Surveillance of SARS-CoV-2 RNA in open-water sewage canals contaminated with untreated wastewater in resource-constrained regions.

Abstract

Sewage-based surveillance for COVID-19 has been described in multiple countries and multiple settings. However, nearly all are based on testing sewage treatment plant inflows and outflows using structured sewage networks and treatment systems. Many resource-limited countries worldwide have open canals, lakes and other such waste-contaminated water bodies that act as a means of sewage effluent discharge. These could serve as hyperlocal testing points for detecting COVID-19 incidence using the effluents from nearby communities. However, a sensitive, robust and economical method of SARS-CoV-2 RNA detection from open waste contaminated water bodies in resource-constrained regions is currently lacking. A protocol employed in Bangalore, India, where SARS-CoV-2 RNA levels were evaluated using two open canal systems during the first and second waves in the present study.

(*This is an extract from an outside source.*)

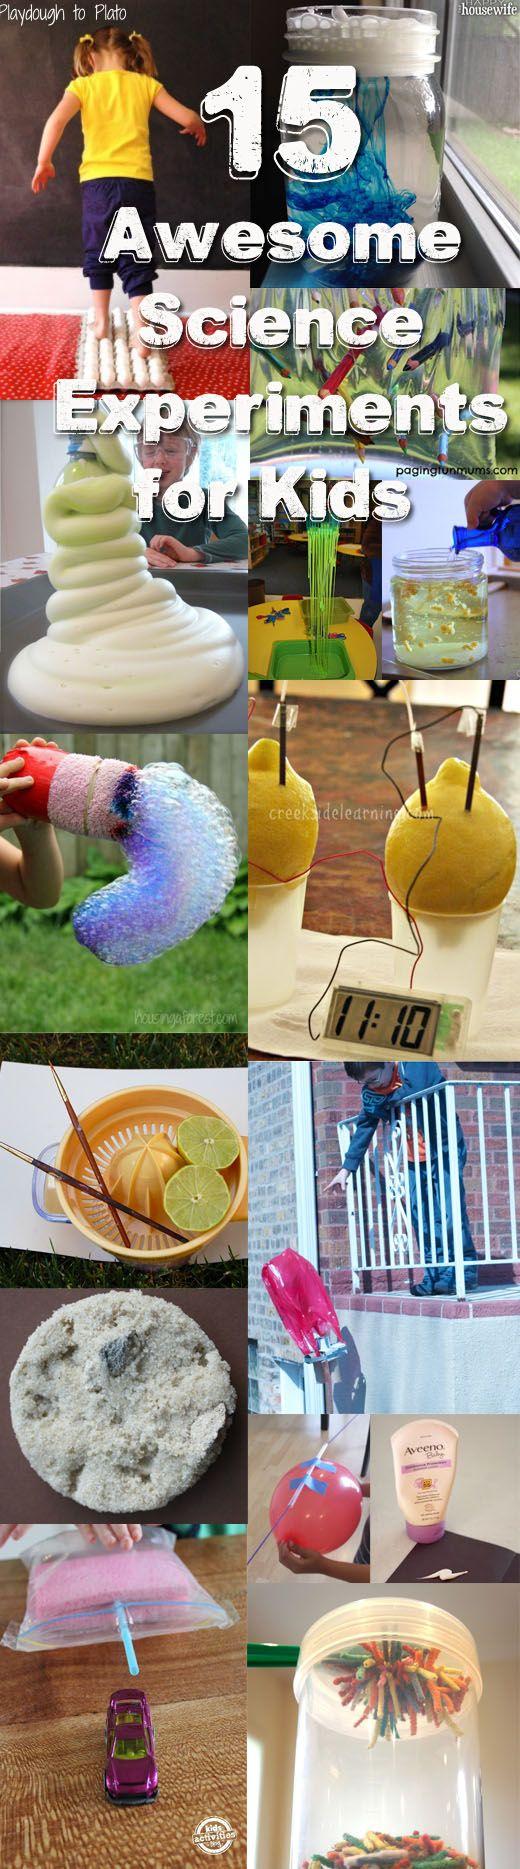 289 best kid craft make it crafty images on pinterest kid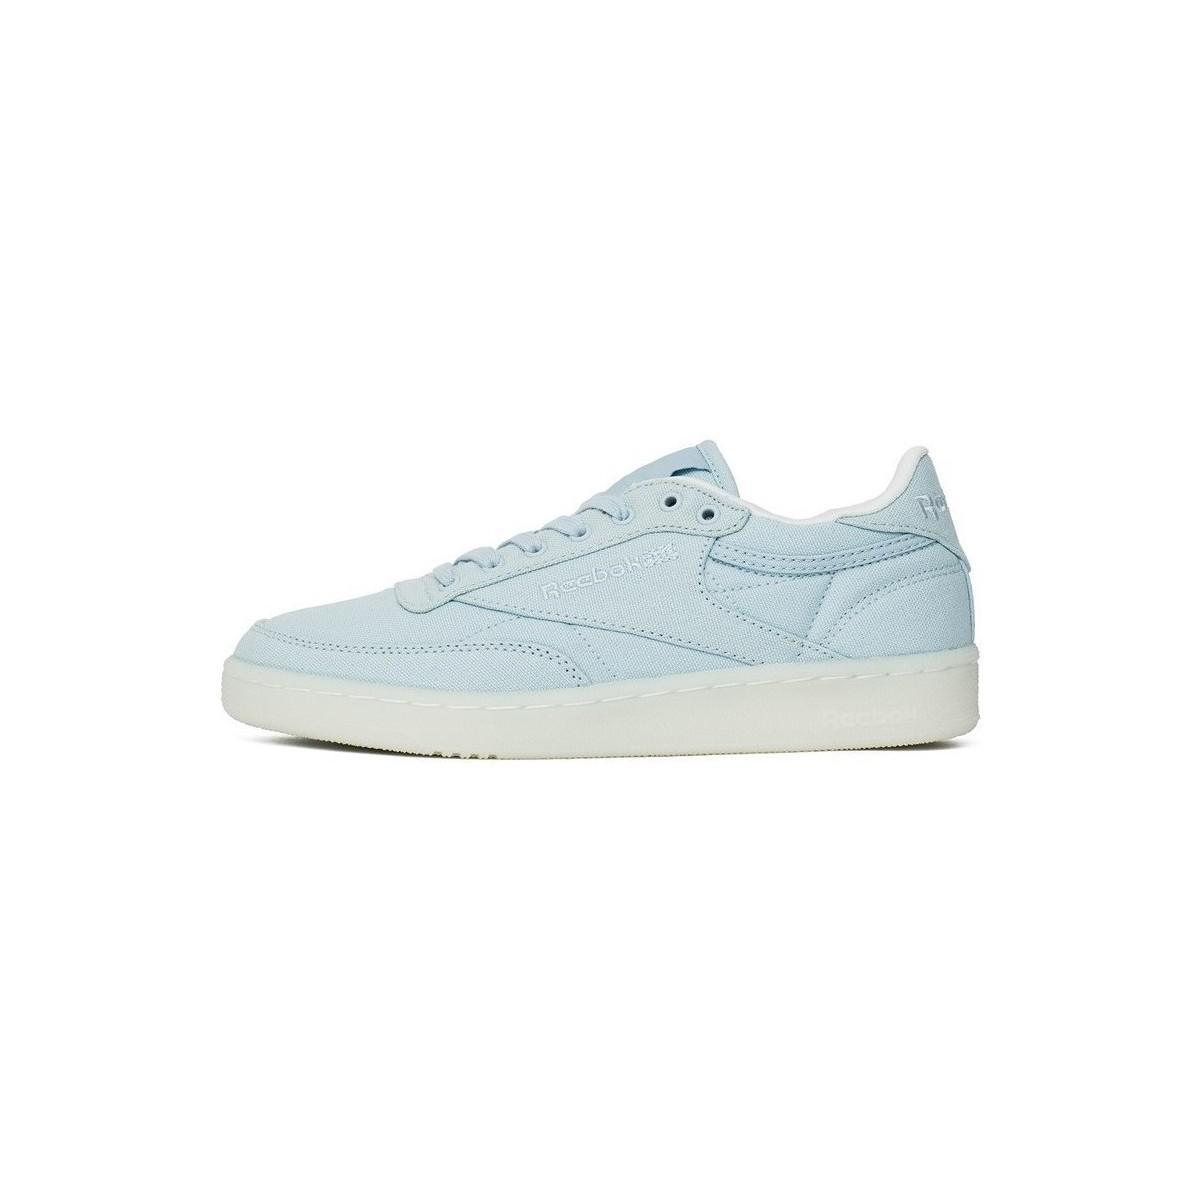 de5cb609d00a6 Reebok Club C 85 Canvas Zee Blue Women s Shoes (trainers) In White ...

SARS-CoV-2 RNA was measured using two strategies: a modified TrueNATTM microchip-based rapid method and traditional real-time reverse transcription-PCR (rRT-PCR), which were compared for analytical sensitivity, cost and relative ease of use. SARS-CoV-2 RNA levels were detected at lower levels during the earlier half compared to the later half of the first wave in 2020. The opposite trend was seen in the second wave in 2021. Interestingly, the change in RNA levels corresponded with the community burden of COVID-19 at both sites. The modified TrueNATTM method yielded concordant results to traditional rRT-PCR in sensitivity and specificity and cost. It provides a simple, cost-effective method for detecting and estimating SARS-CoV-2 viral RNA from open-water sewage canals contaminated with human excreta and industrial waste that can be adopted in regions or countries that lack structured sewage systems.